Question

duplicating features in genbank file with biopython

0

Entering edit mode

9.4 years ago

s.vandenhurk ▴ 10

I have got a lot of genbank files with multiple genes in them, some of these genes have a single start and stop position e.g. 1000..1390 and some have multiple start and stop positions e.g. join(1000..1390,1400..1790,1900..2275)

I want to duplicate the entire CDS for the genes with multiple start and stop positions and insert only 1 start and stop position for every duplicate.

So 1 CDS with 3 starts/stops should become 3CDS with 1start/stop each.

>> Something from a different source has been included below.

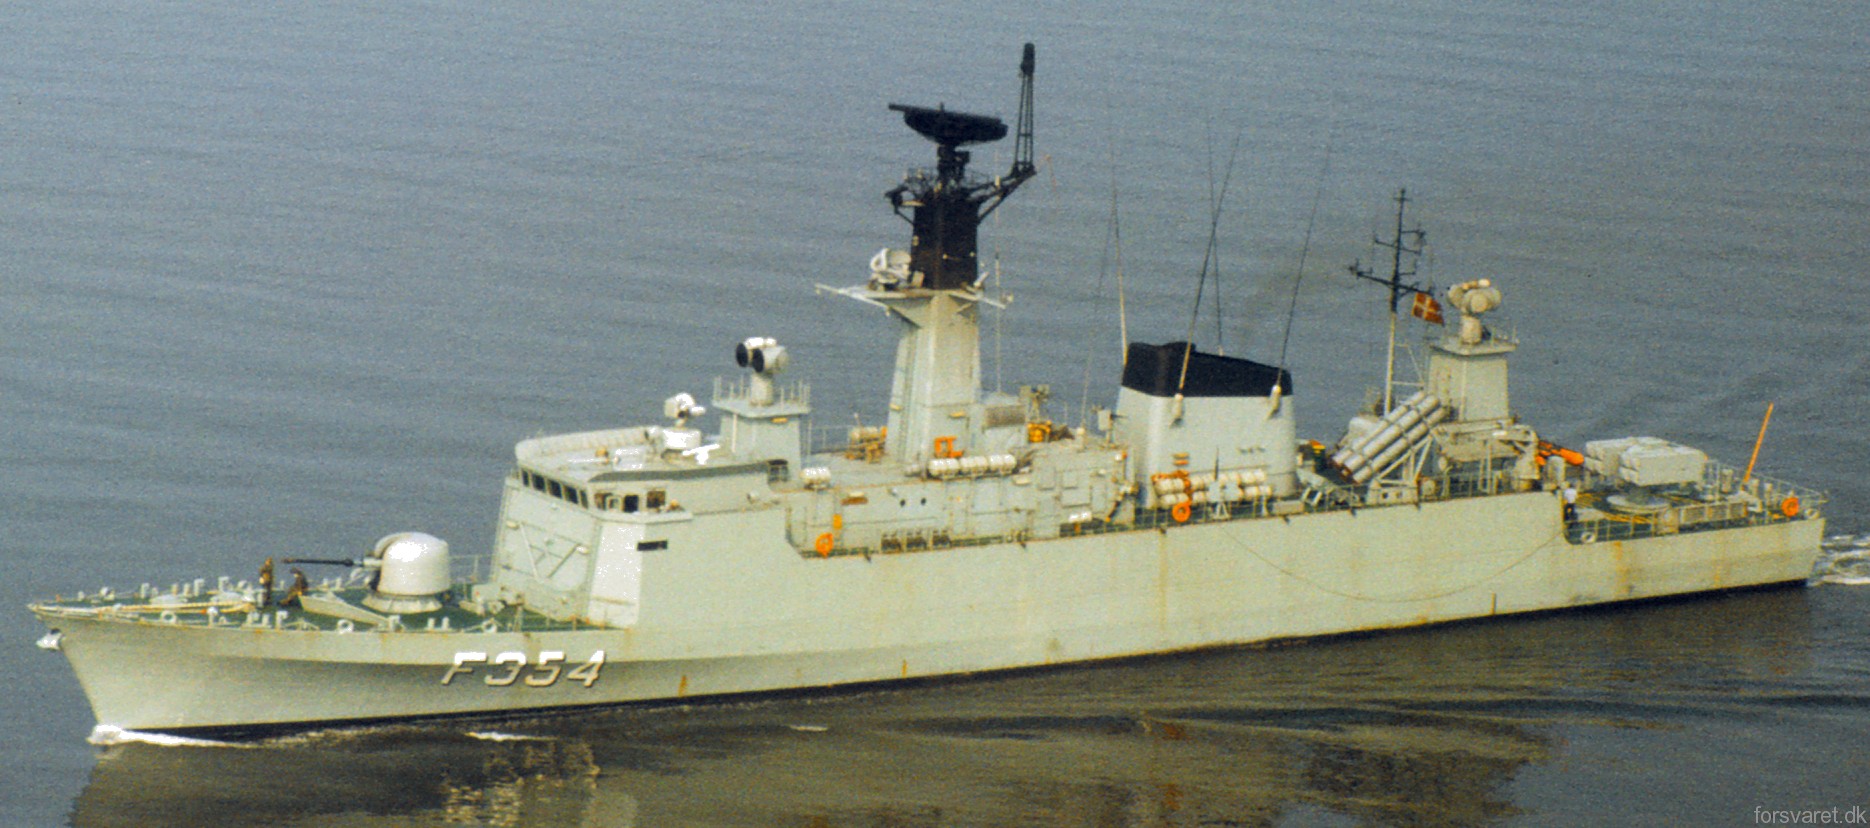 f-354 hdms niels juel class corvette royal danish navy kongelige danske marine kdm 17

Anyone got a clue on how to achieve this?

biopython genbank • 2.4k views

ADD COMMENT • link updated 2.2 years ago by Ram 43k • written 9.4 years ago by s.vandenhurk ▴ 10

0

Entering edit mode

are you sure those "multiple start stop CDS" are not in fact indicating the intron/exon boundaries?

ADD REPLY • link 9.4 years ago by Whetting ★ 1.6k

score 0 · Answer 1 · 2014-12-01

0

Entering edit mode

9.4 years ago

Peter 6.0k

Unfortunately the answer is you shouldn't be doing this.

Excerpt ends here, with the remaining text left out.